Set the data down again, exactly as it reads, but without the pictures.

(PROVIDED INFORMATION)

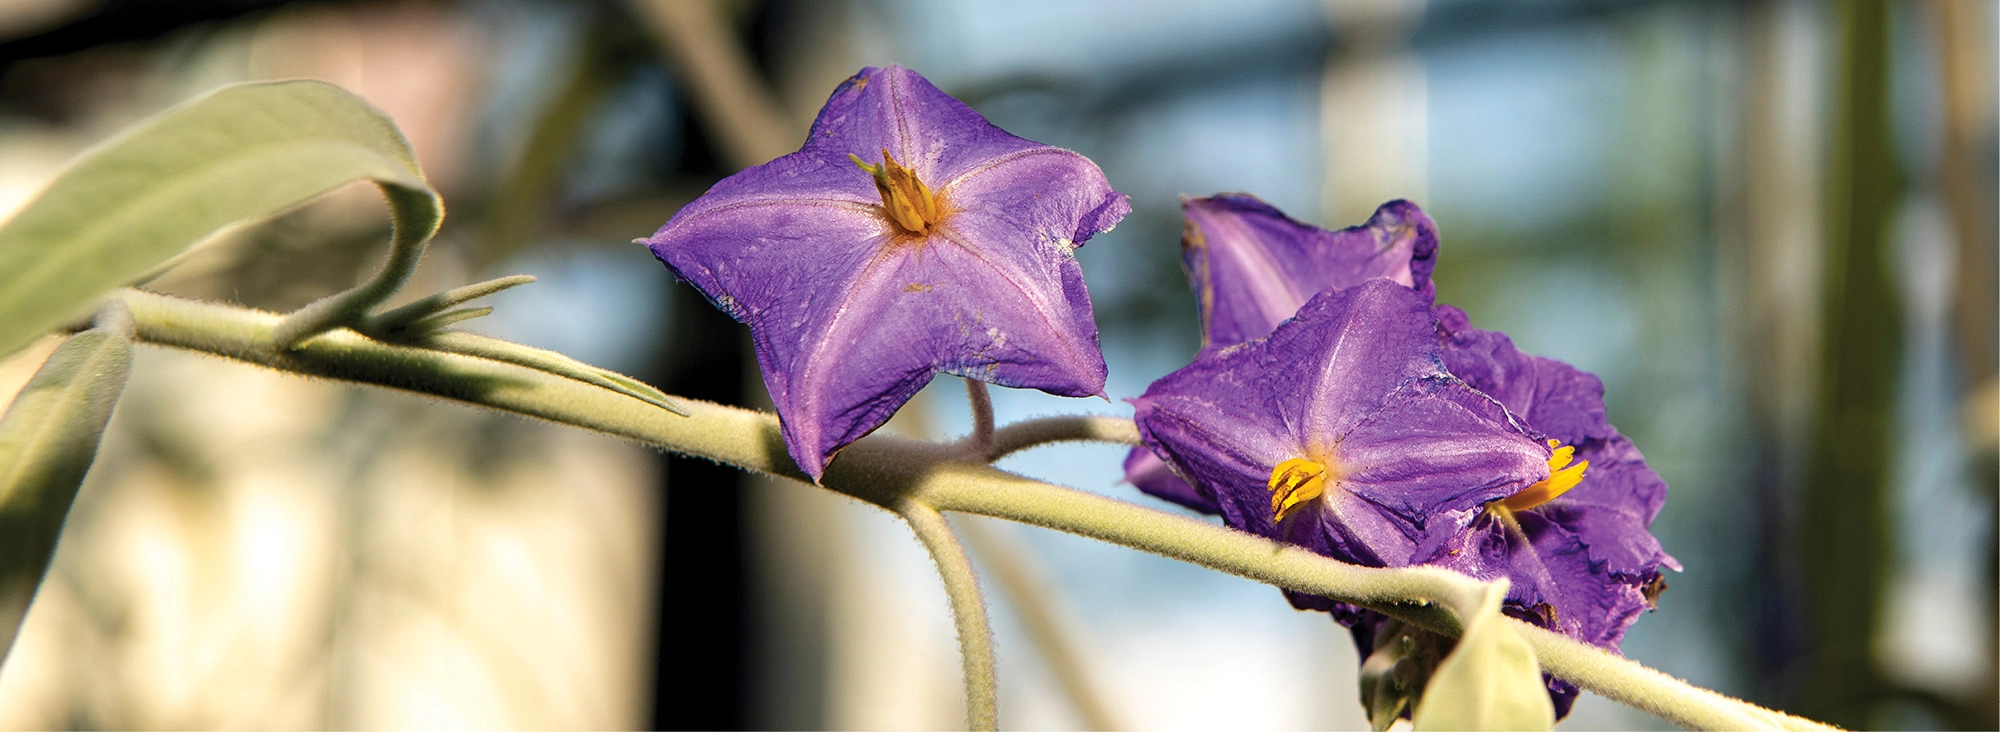 Solanum scalarium has an unusual ladder-like arrangement of prickles on its stems.
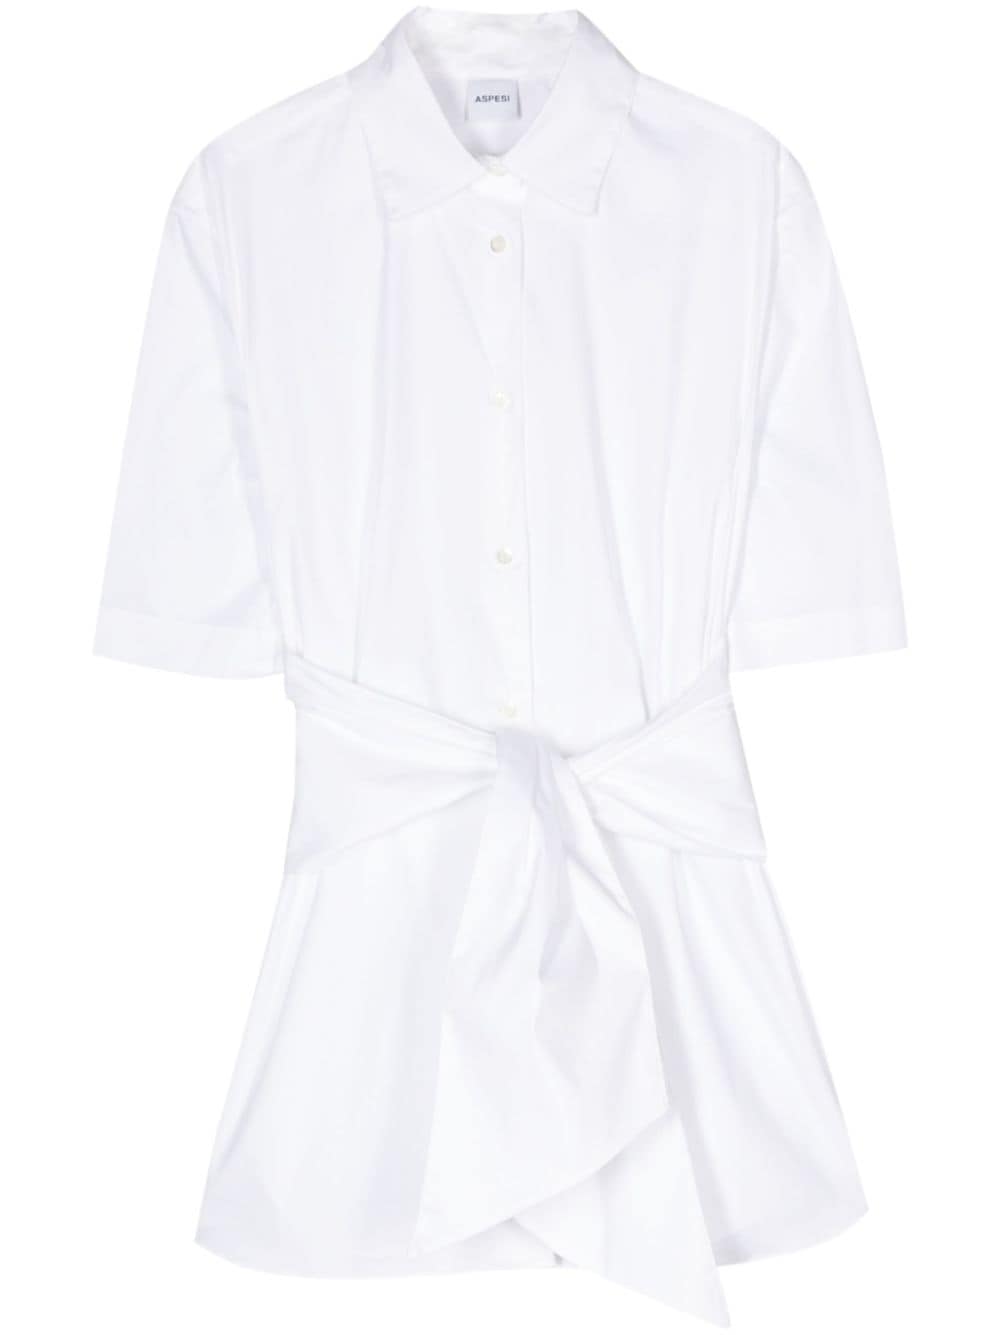 ASPESI lace-up detail poplin shirt - White von ASPESI
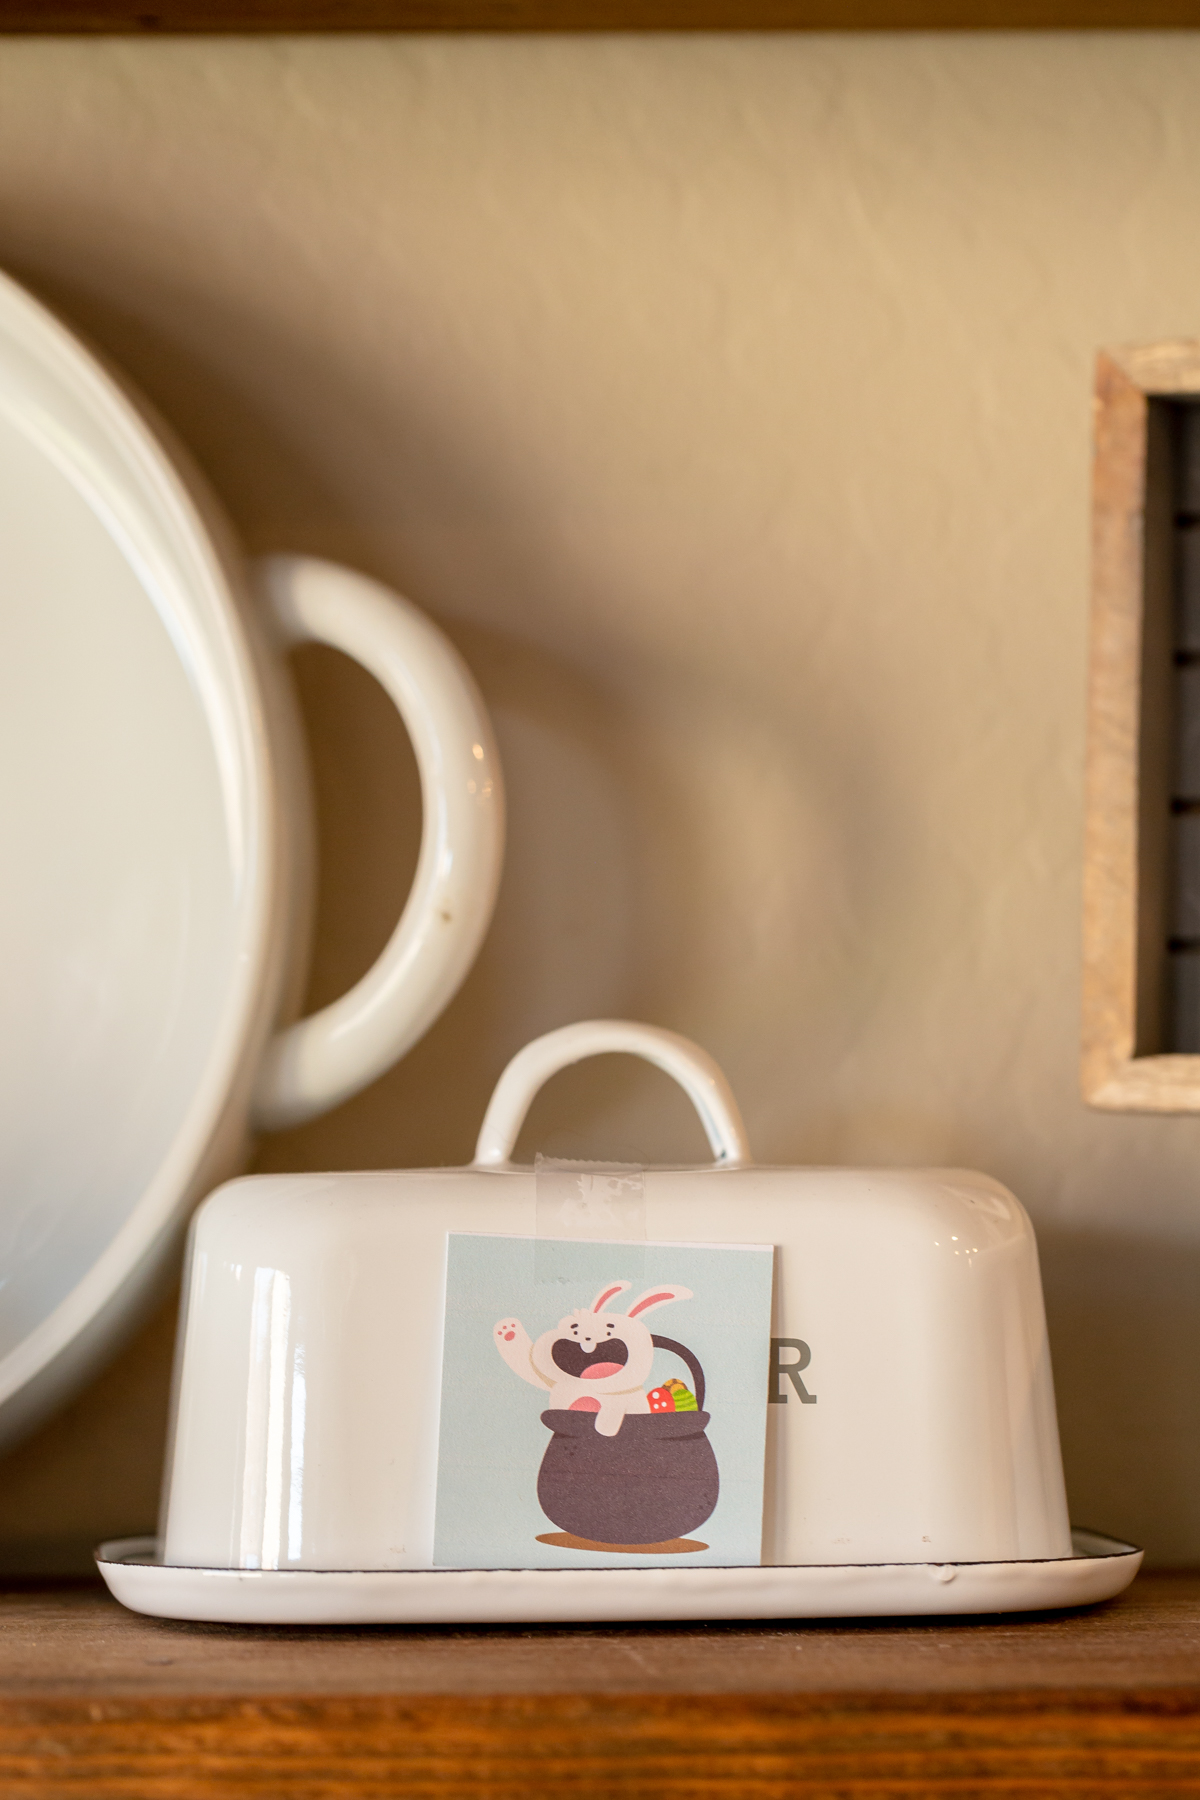 Easter bunny card hidden on a butter dish
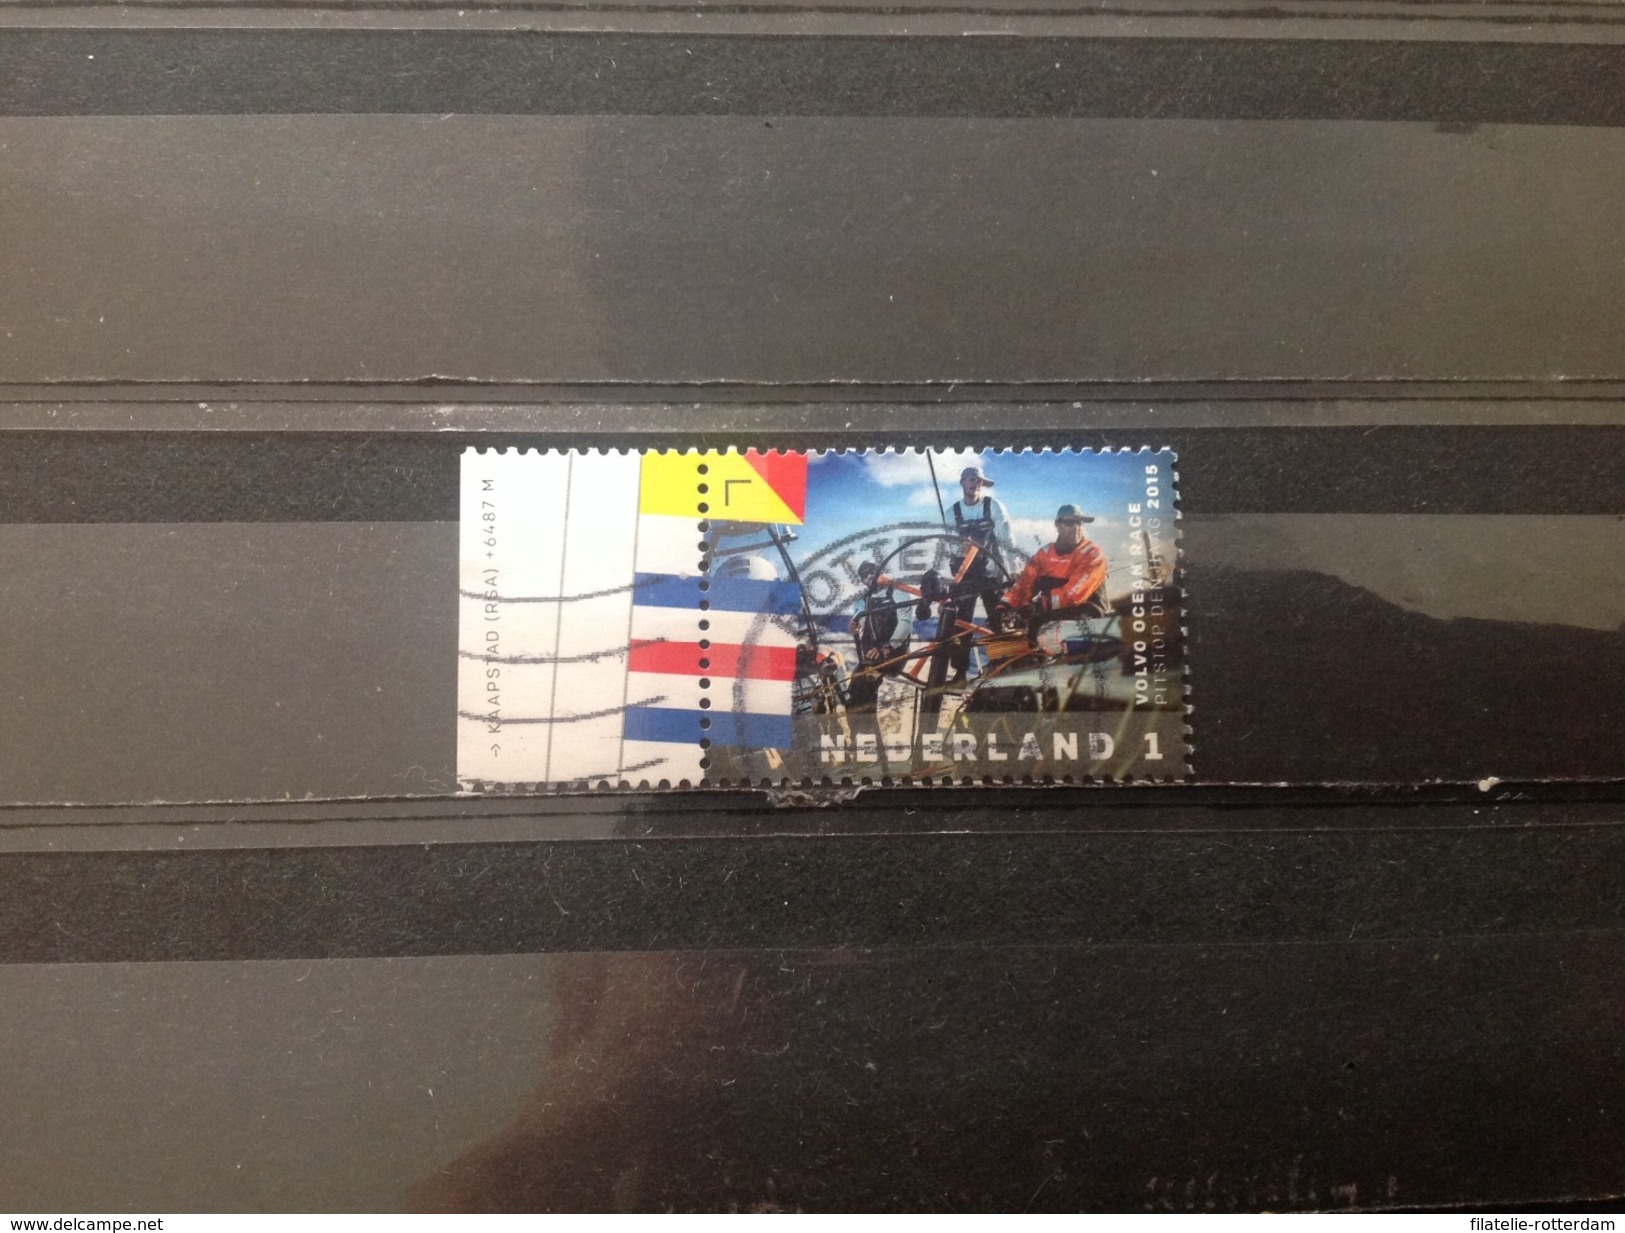 Nederland / The Netherlands - Volvo Ocean Race 2015 - Used Stamps
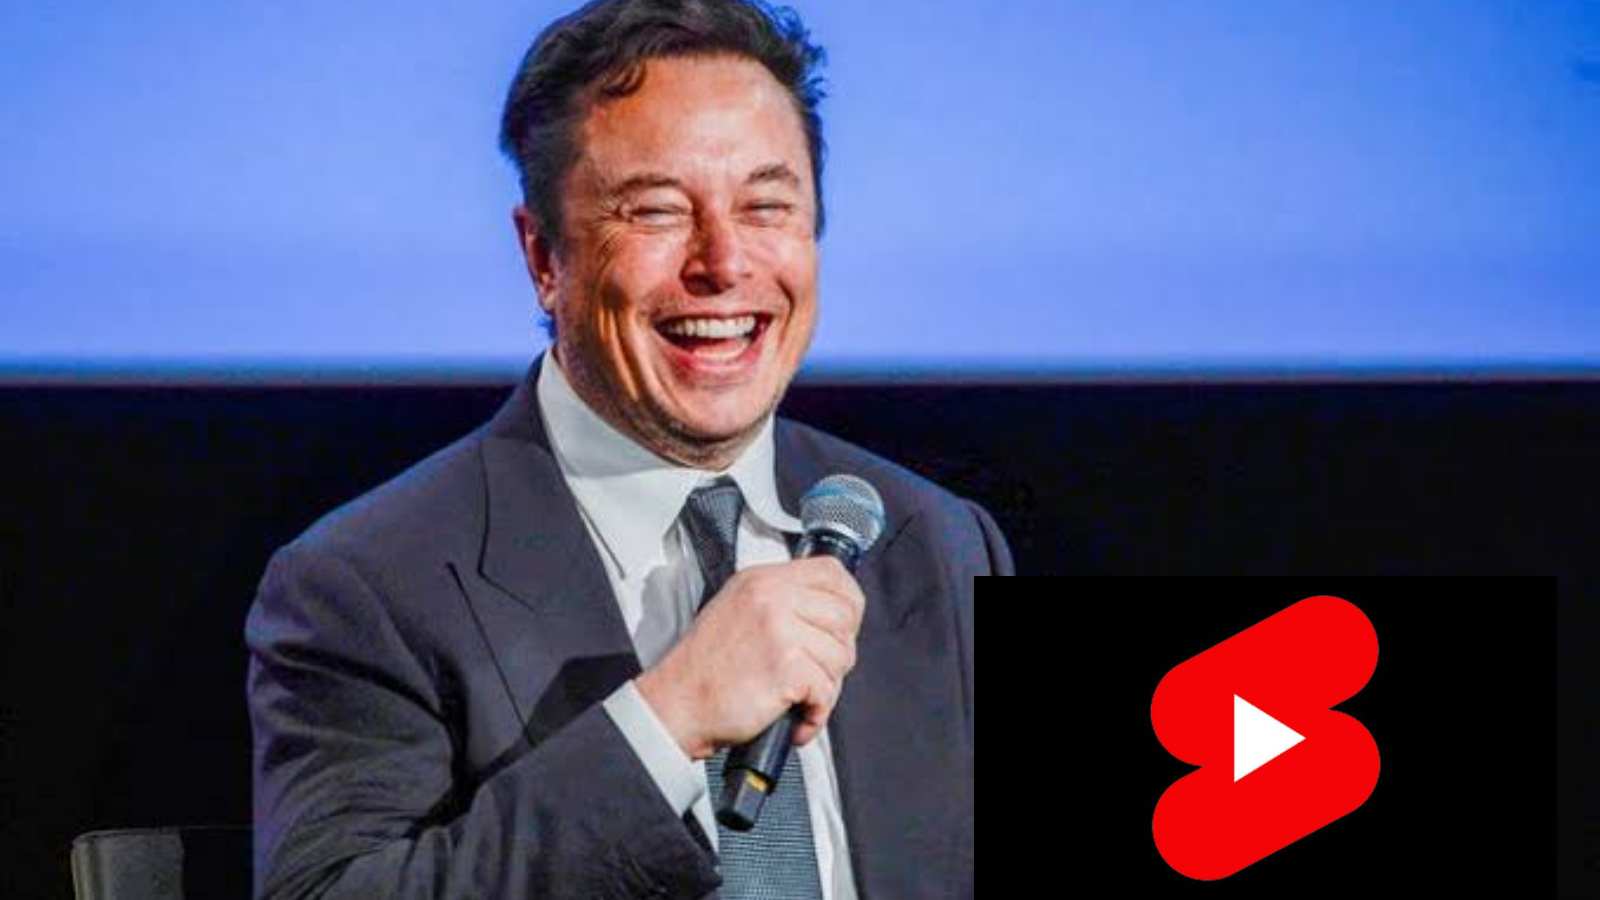 Elon Musk on introducing short format videos on Twitter

(End PROVIDED INFORMATION)

> ANSWER TO THE EXERCISE:
 Solanum scalarium has an unusual ladder-like arrangement of prickles on its stems.
 ASPESI lace-up detail poplin shirt - White von ASPESI
 Easter bunny card hidden on a butter dish
 Nederland / The Netherlands - Volvo Ocean Race 2015 - Used Stamps
 Elon Musk on introducing short format videos on Twitter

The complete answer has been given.